Таня вздохнула так, что халатик шевельнулся на груди. Я отвёл глаза. Чёрт, неужели невозможно отучиться от этой пацанской привычки смотреть всем женщинам за вырез… Я подошёл к двери, опёрся о косяк.
- Хорошо. Давай начистоту, – сказал я. – Мы всё-таки давно друзья, можно начистоту? Тебе зачем это надо? Ты ж не Зоя. Тебе же нужно, чтобы тебя любили. А не просто так.
- Для меня это и есть не просто так, - сказала она тихо.
В бальнеотерапии пришлось изрядно повозиться. Я устал и проголодался, поэтому по коридору третьего этажа нёсся, гонимый неугасимым видением обещанной тётей Машей яишенки с помидорчиком.
И мысленно застонал, увидев выходящую из своего номера одетую к обеду Зою. Я притормозил на полном скаку, но было поздно. Чёрт, сегодняшний понедельник был явно не моим понедельником.

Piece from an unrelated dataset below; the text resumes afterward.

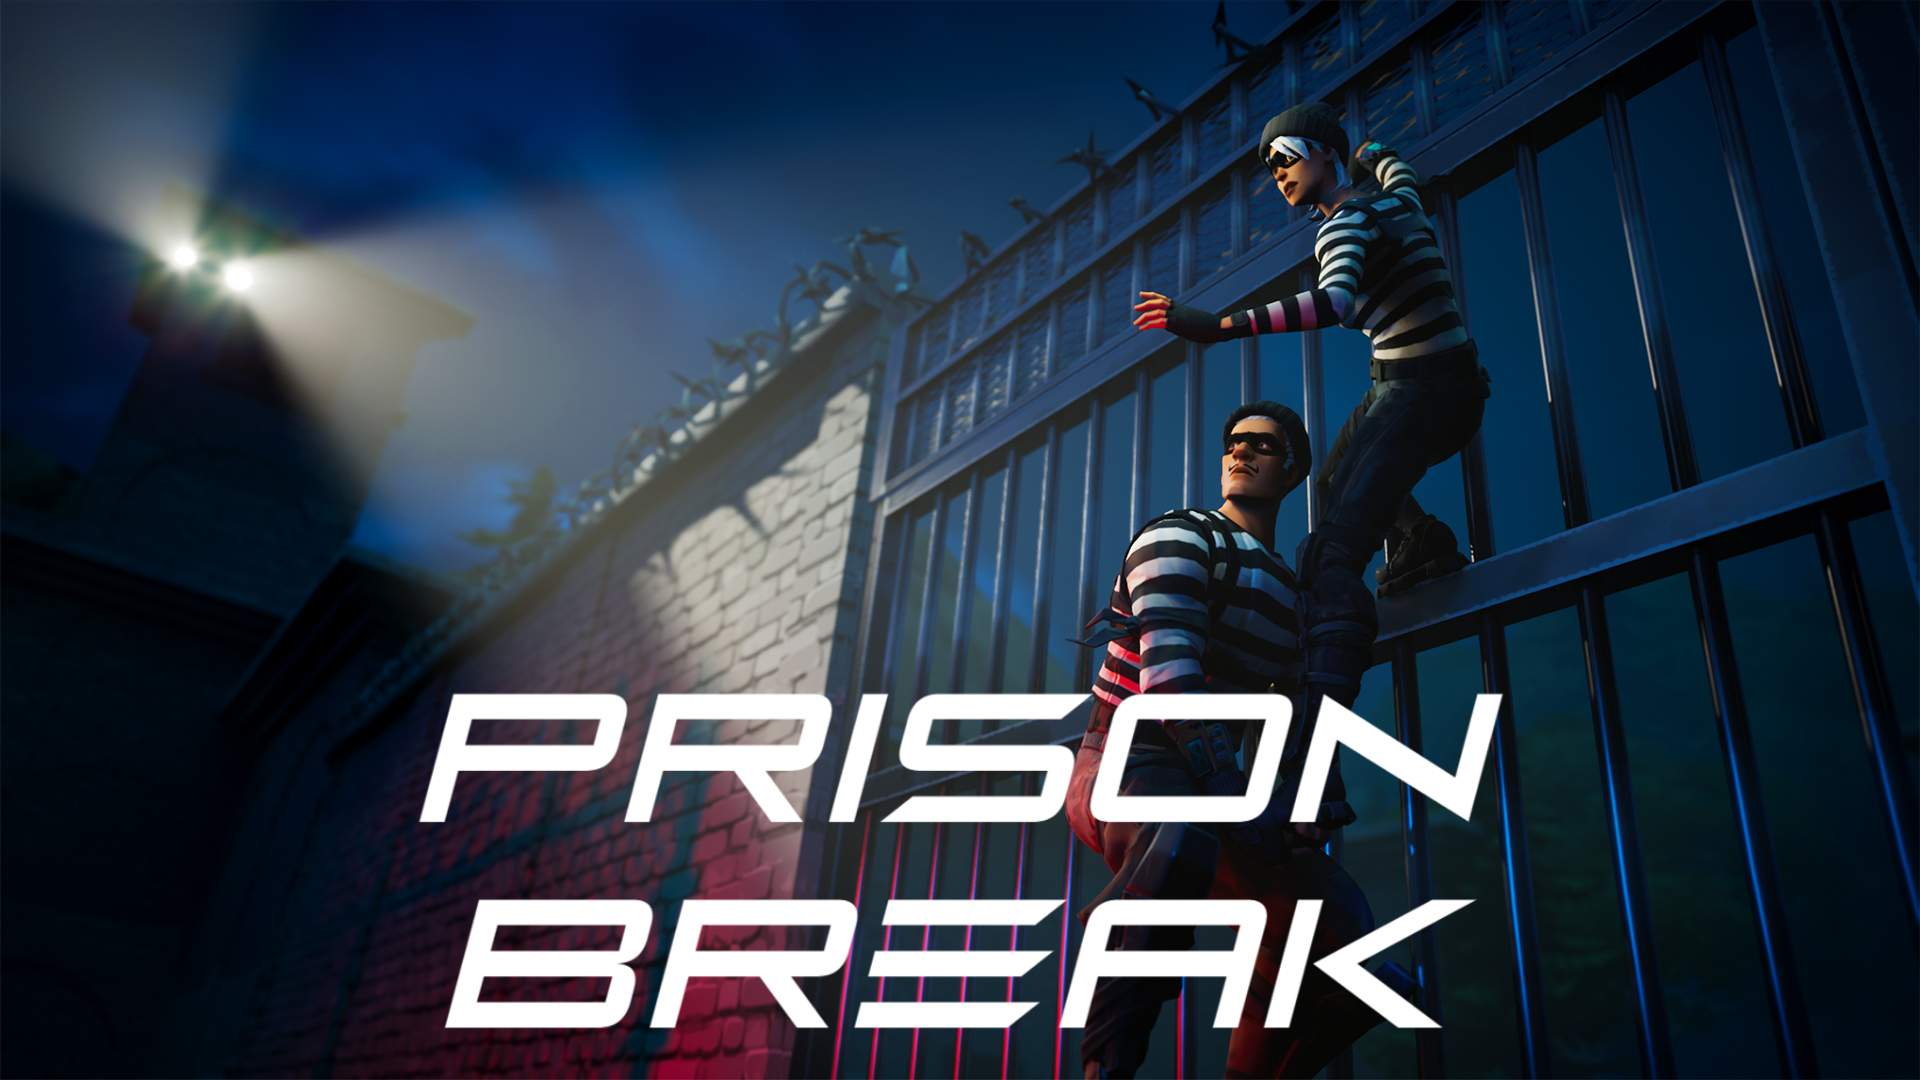 PRISON BREAK

Она развернулась от двери – и разумеется, увидела меня сразу.
- О… мой спаситель! - мелодично понеслось на меня издалека. - Наконец-то…
Она приблизилась.
- Я вас заждалась!
Она встала передо мной – ближе, чем следовало бы при деловых разговорах.
- Вы знаете, я несколько раз просила горничную… - она небрежно-изящно взмахнула куда-то в сторону красивой красной сумочкой, - но, наверное, вам не передали…
- А вам так ничего не поправили? – уже без всяких надежд на спокойное будущее осведомился я. И тут же вспомнил, что, когда мы с Таней уходили, две лампочки так и остались лежать на столе, мне тогда было уже не до них. И Тане, видимо, тоже...
- Нет, - Зоины брови взлетели вверх. - Мной никто не занимается, представьте себе.
Понятно. Смысл фразы: я свободна и могу принять ваши ухаживания хоть сейчас. Да, я был прав: всё только начинается. Я тяжело задумался.
- Столько инструментов... – тем временем очень натурально удивлялась Зоя.
Она сменила свою утреннюю мини-юбочку на лёгкие светлые брюки, прямо-таки совсем скромные, но вишнёвый пуловер был по-прежнему откровенно декольтирован, и золотая цепочка на груди поблёскивала очень соблазнительно.
Несмотря на досаду и раздражение, я не мог не отметить, что она всё-таки очень хороша и где-то даже ослепительна со своими густыми темно-золотыми волосами, фарфоровой кожей и волнующей зрелой фигурой. Красивый изогнутый рот, длинные ресницы, тёплые глаза… Королева заезда. Каждый раз это повторяется. В каждом заезде – своя королева. Более или менее ослепительная. И каждый раз на меня делается ставка. И начинается охота - рано или поздно.
- И что, всё это нужно для простого ночника? - непринуждённо удивлялась Зоя.
- Простоты у вас - как в космический корабле, - буркнул я сквозь зубы не очень любезно.
Фраза получилась слегка двусмысленной. Зоя подняла бровь. И этого тоже было у неё не отнять – она была умна и прочитала намёк, хотя он и получился случайным
- Судя по систематическим претензиям за последние три дня, - уточнил я, стараясь следить за выражениями.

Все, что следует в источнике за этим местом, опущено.